In an alternative embodiment, when the source material library 101 is of a large scale, the knowledge extraction system 102 may be implemented according to the flow of FIG. 2, which includes the steps of: acquiring character strings from the source language material library; separating the character strings; applying POS marking; extracting Chinese noun words or phrases; collocating independent Chinese noun words or phrases as noun phrases; calculating word frequency and storing the result. Large-scale source corpus 101 has more words or phrases that produce significantly more iterations in n-gram model 121 for searching in reference corpus 123. By placing the Chinese name word selector 115 before the Chinese phrase collocation unit 114, the number of iterations can be reduced, reducing the time required for phrase collocation. In this embodiment, the Chinese noun words or phrases are filtered by determining the encoding criteria and grouping into co-occurring Chinese words or phrases 144 at the same time. Such groups may utilize an n-gram model 121 for determining potential chinese phrases or compounds 145.
The word frequency weighting counter 116 may derive word frequency weighting vectors 169 from the chinese nameword phrases, words or words 148 and store the results in an index for the chinese ontology generation 103. The word frequency (TF) weighting of the extracted chinese nouns is calculated as follows:
wherein the word frequency weight is more than or equal to 0 and less than or equal to 1.
If the term frequency weighting vector of the extracted Chinese nouns is close to 1, the extracted Chinese nouns have a high incidence, which is a more representative knowledge associated with the source corpus 101. On the contrary, if the word frequency weighting vector of the extracted chinese noun is close to 0, the occurrence rate of the extracted chinese noun is small, which is a less representative knowledge. Since nouns contain the most representative knowledge, the word frequency weighting vector helps to generate quantitative knowledge for the subsequent chinese ontology by identifying the most important noun phrases, words or words.

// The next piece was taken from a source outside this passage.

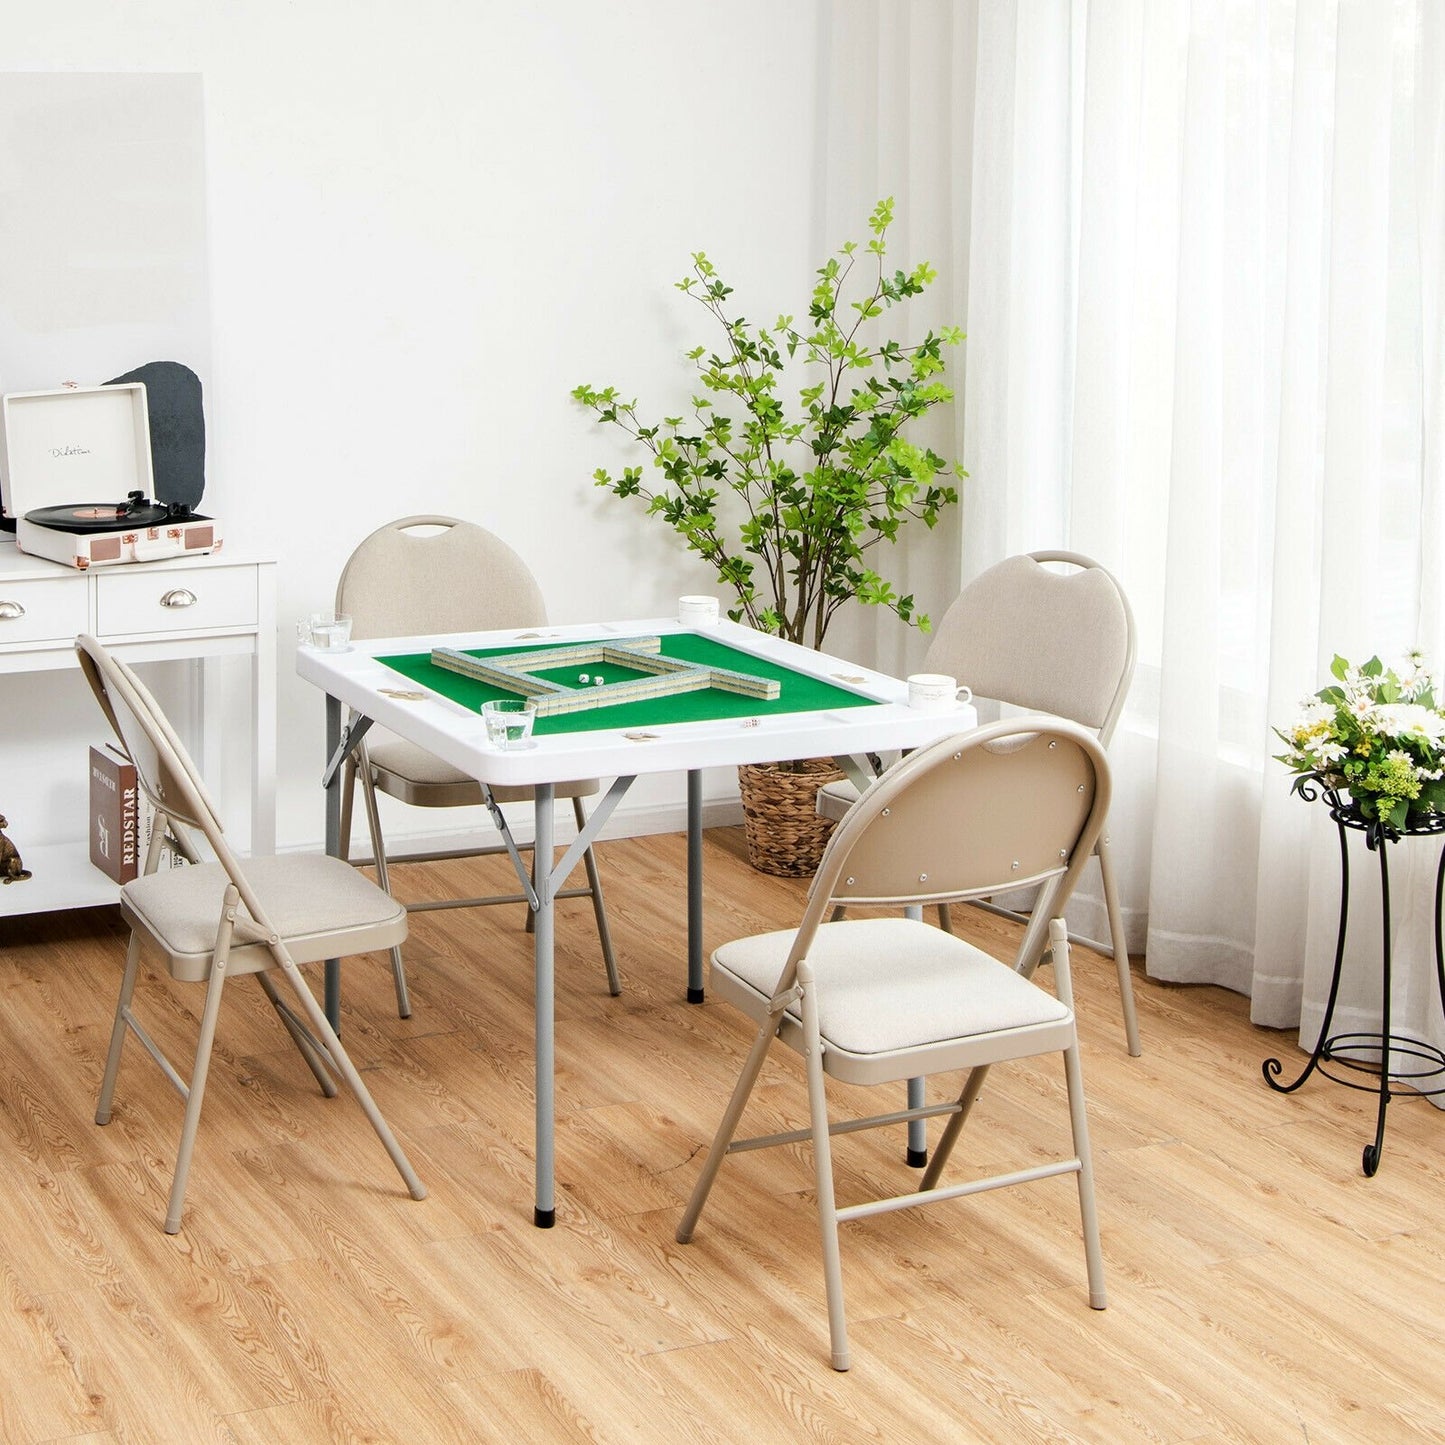 4-Player Mahjong Game Table with Iron Frame, Green - Gallery Canada
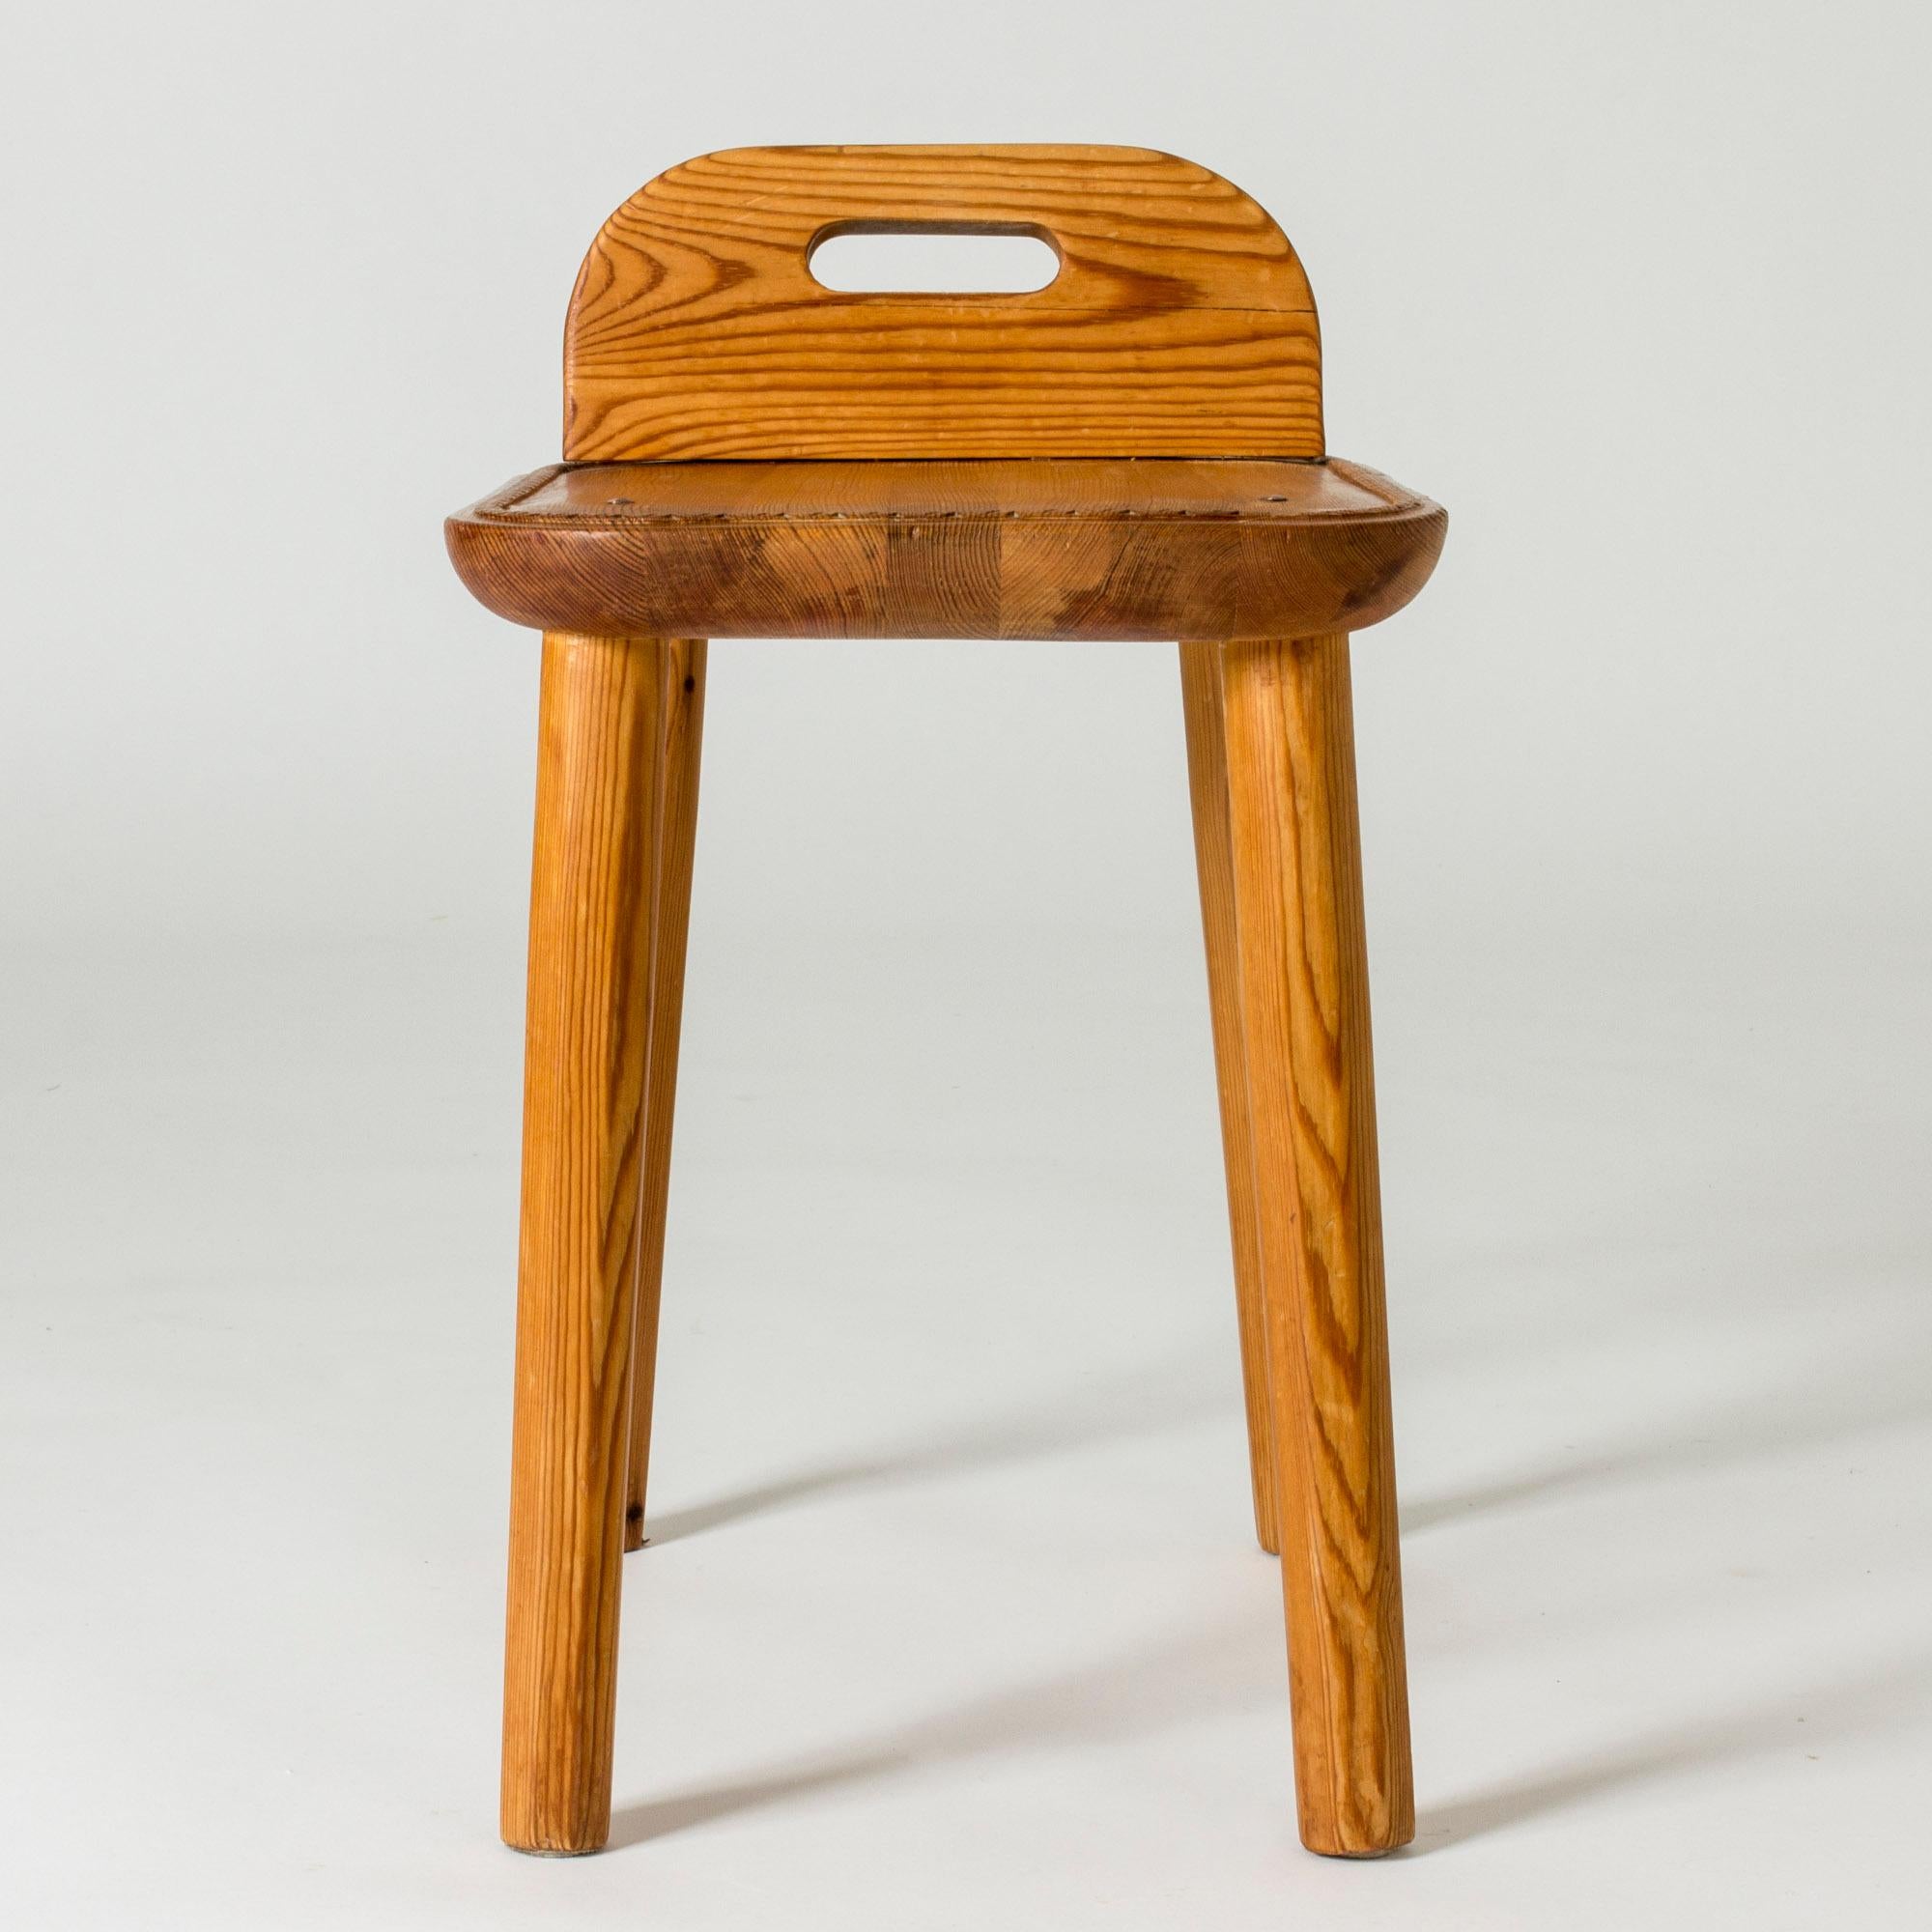 Cute Swedish midcentury pine stool, in a chunky design. Handle in the back and a decorative pattern around the edge of the seat.

The word frequency weighting calculation result and the corresponding Chinese noun phrase and word 133 are mapped in the network ontology library language. The main ontology base may be encoded by a formal language such as OWL, RDF or RDFs. Other ontology languages may also be used. In one embodiment, Chinese noun phrases, words or words and word frequency weightings are recorded in RDF triples. A further visualization interface or user interface may be used to display a table containing the RDF data. Other implementations of the database storing results may also be used without departing from the invention. The RDF formatted index 134 provides the knowledge extraction results for the Chinese ontology generation 103.
The invention has been described above with particular reference to exemplary embodiments and examples, but it will be understood that variations and modifications can be effected within the spirit and scope of the claims. The above embodiments illustrate the possible scope of the invention, but do not limit the scope of the invention.